Y o u d e n I n d e x = {M a x}_{c u t o f f} ({S e n s i t i v i t y}_{c u t o f f} + {S p e c i f i c i t y}_{c u t o f f} - 1)

2.7. Model Explanation

We applied Shapley additive explanations (SHAP) [53], a model-agnostic XAI method that uses corporative game theory to quantitate the predictive value of every feature, on the model with the best-performing ML algorithm. SHAP estimates the average marginal contribution of each feature and then ranks the features based on their respective contributions to the prediction, which is a measure of feature importance. SHAP is an XAI method that offers a global explanation, which is useful in our context to understand how different features impact the model’s predictions on average and the overall behavior of a model across the entire dataset. This helps to identify key factors that attribute to PSAMO, which is one of the research objectives of this study, and intervention plans can be developed around such factors.

2.8. Packages Used

The statistical analyses and modeling in this study were implemented in Python 3 programming language [39,46,48,49,50,53,54,55,56,57,58,59]. The packages used and their functions are listed in Appendix A.

3. Results

Descriptive statistics of the study population and comparisons between the PSAMO vs. no PSAMO groups are found in Table S2.

The training set which consists of 69 features was fitted into RFE for feature selection. During RFE, the optimal number of the most discriminative features were selected for each ML algorithm. Figure 3 plots the average accuracy of the individual algorithms against the number of features. The optimal number of discriminative features differed among the algorithms. For instance, the decision tree algorithm attained its peak mean test accuracy using 13 features. As such, the decision tree algorithm would be trained and tuned using only the 13 features selected by RFE. The hyperparameters of the decision tree algorithms were tuned using Bayesian optimization, with each set of hyperparameters evaluated using repeated stratified 10-fold cross-validation with five repeats. The best set of hyperparameters, i.e., the decision tree algorithm with the best performance, was then evaluated on the test set, which was held out and not used during the training.

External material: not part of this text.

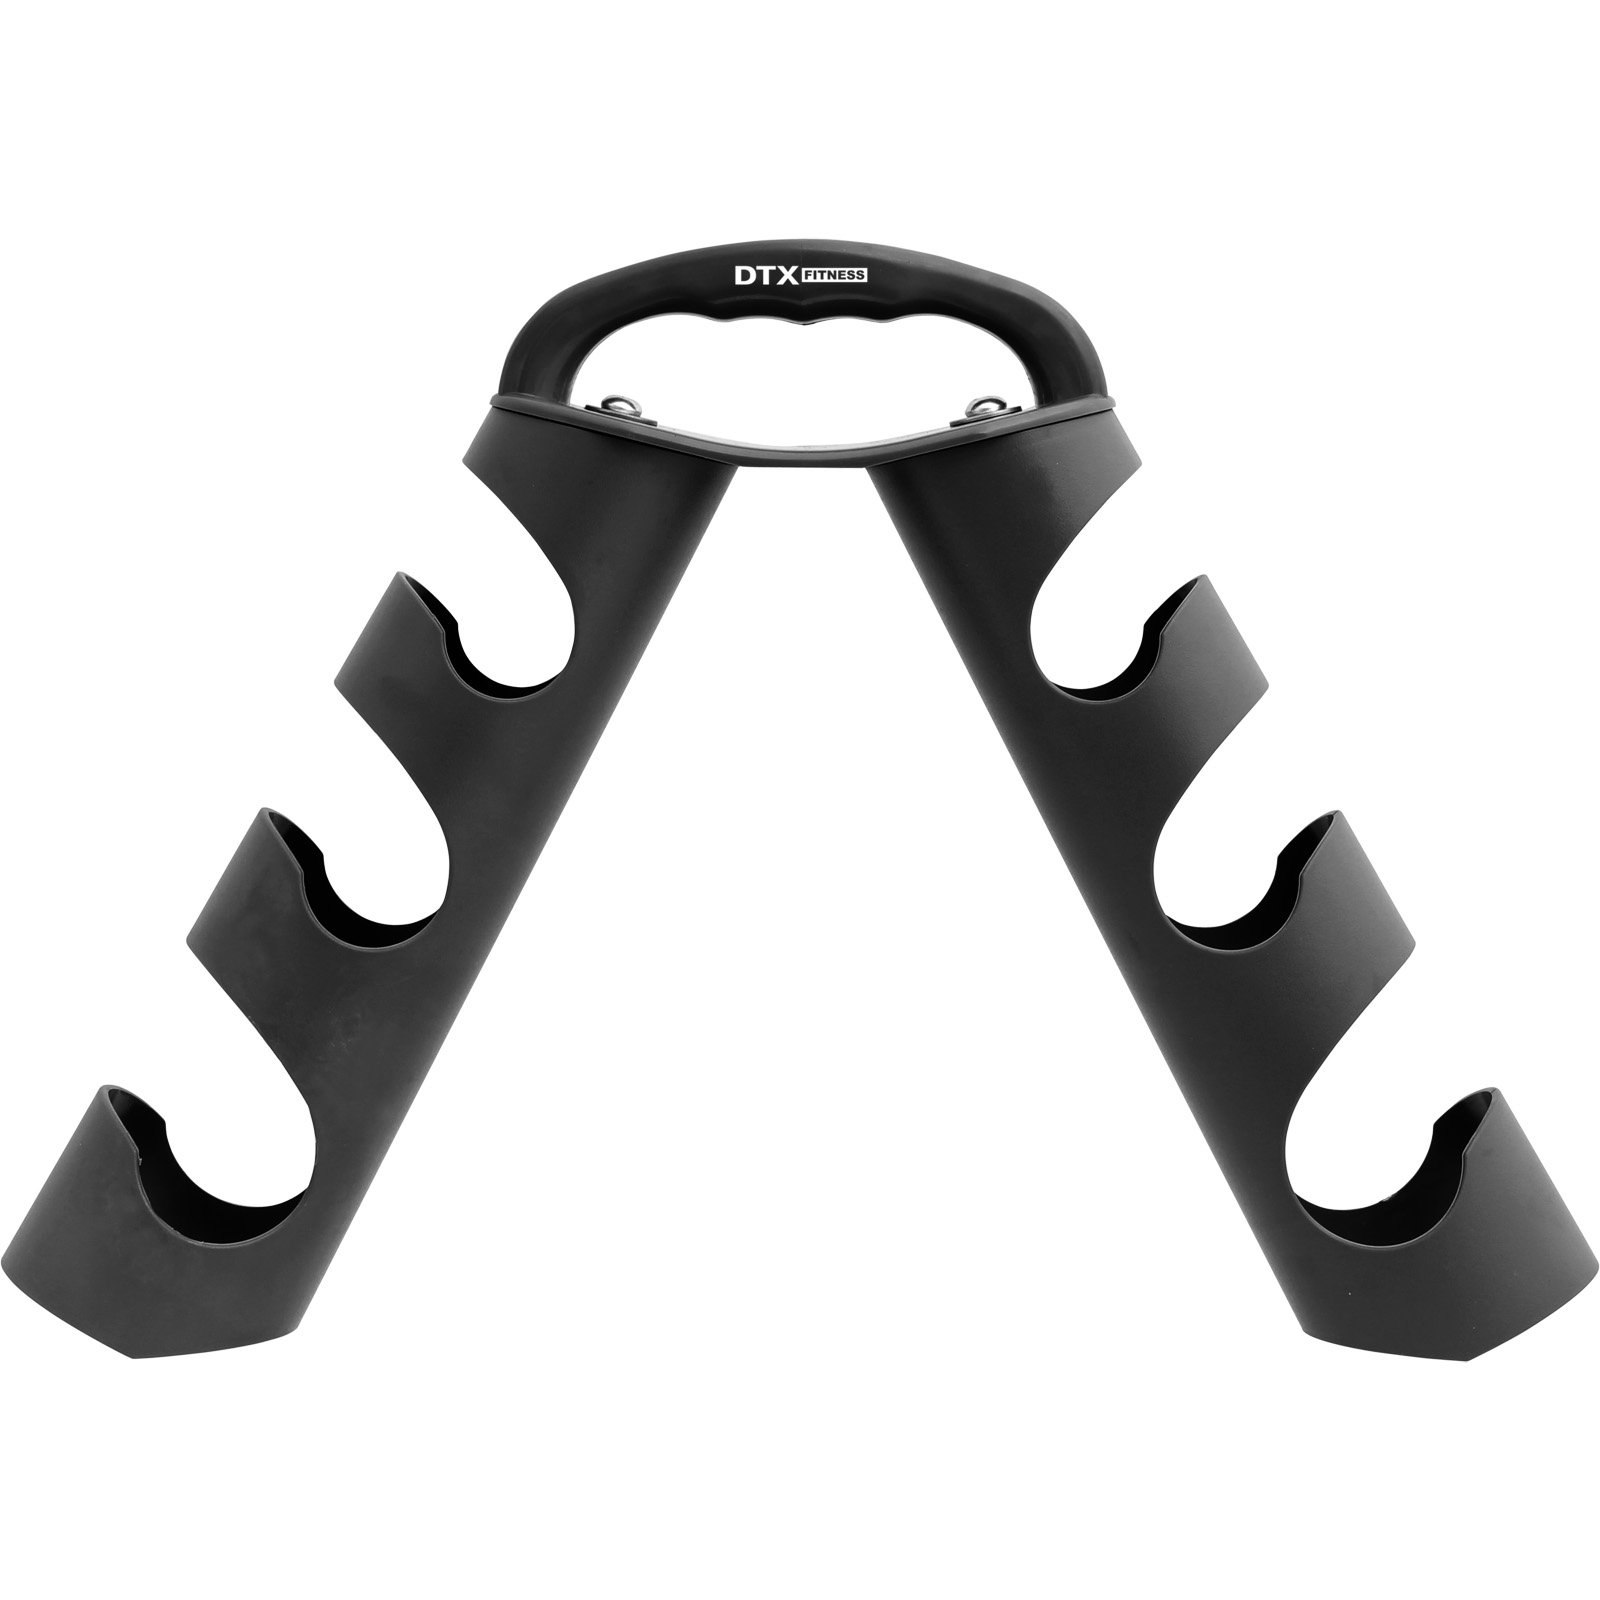 DTX Fitness - Rastrelliera porta manubri portatile ad albero - nero
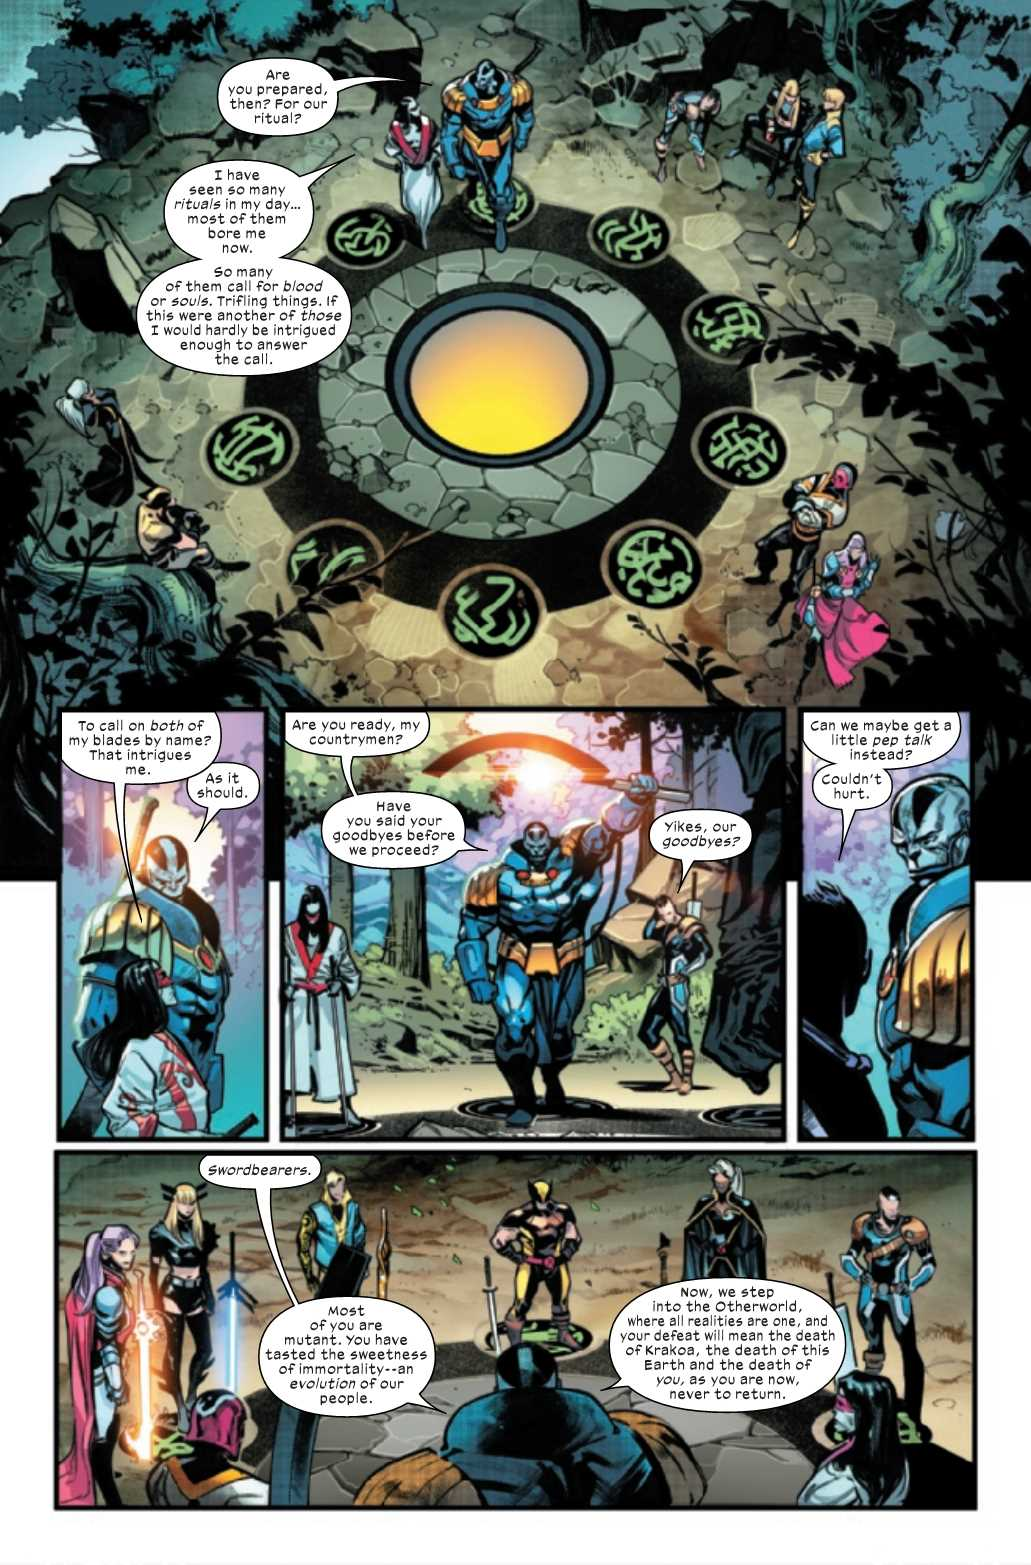 Marvel X OF SWORDS STASIS #1

Table 2 shows the performance of all ML algorithms with the best set of hyperparameters that were used and trained on. The training set is reported with a mean and 95% confidence interval of the results obtained from the repeated stratified 10-fold cross-validation with five repeats. The test set is reported after Youden’s J adjustment.

After training all algorithms, the best-performing model for the prediction of PSAMO was the gradient-boosted tree with accuracy, F1-score, and AUC values of 0.747, 0.341, and 0.620, respectively; the latter after adjustment of the cut-off value using the Youden Index (Table 2).

SHAP Explanation of the Gradient-Boosted Tree Model

SHAP was applied to the gradient-boosted tree model. Figure 4 depicts the top ten most important features calculated using the SHAP algorithm.

4. Discussion

4.1. Model Performance

The developed ML model enabled automated classification of PSAMO vs. no PSAMO in stroke patients with 74.7% accuracy based on baseline features (as referenced against conventional manually administered HADS and PHQ tests), allowing for reproducible and expeditious risk predictions. An early prediction model would enable doctors to systematically triage stroke patients at risk of PSAMO for further confirmatory assessments and to institute early intervention where applicable to prevent or ameliorate adverse mental health outcomes. Of note, our ML model could predict the risk of PSAMO, i.e., PSD and PSA collectively, and was more accurate than similar models in the literature (Table 1). Finally, even though we had labeled our dataset based on the results of manually administered PHQ and HADS, these tests were nonetheless subject to human errors and biases [20,21]. In particular, their reliance on the Likert scale for scoring exposed them to measurement errors and tendency biases that could be sensitive to different modes of administering the tests [60].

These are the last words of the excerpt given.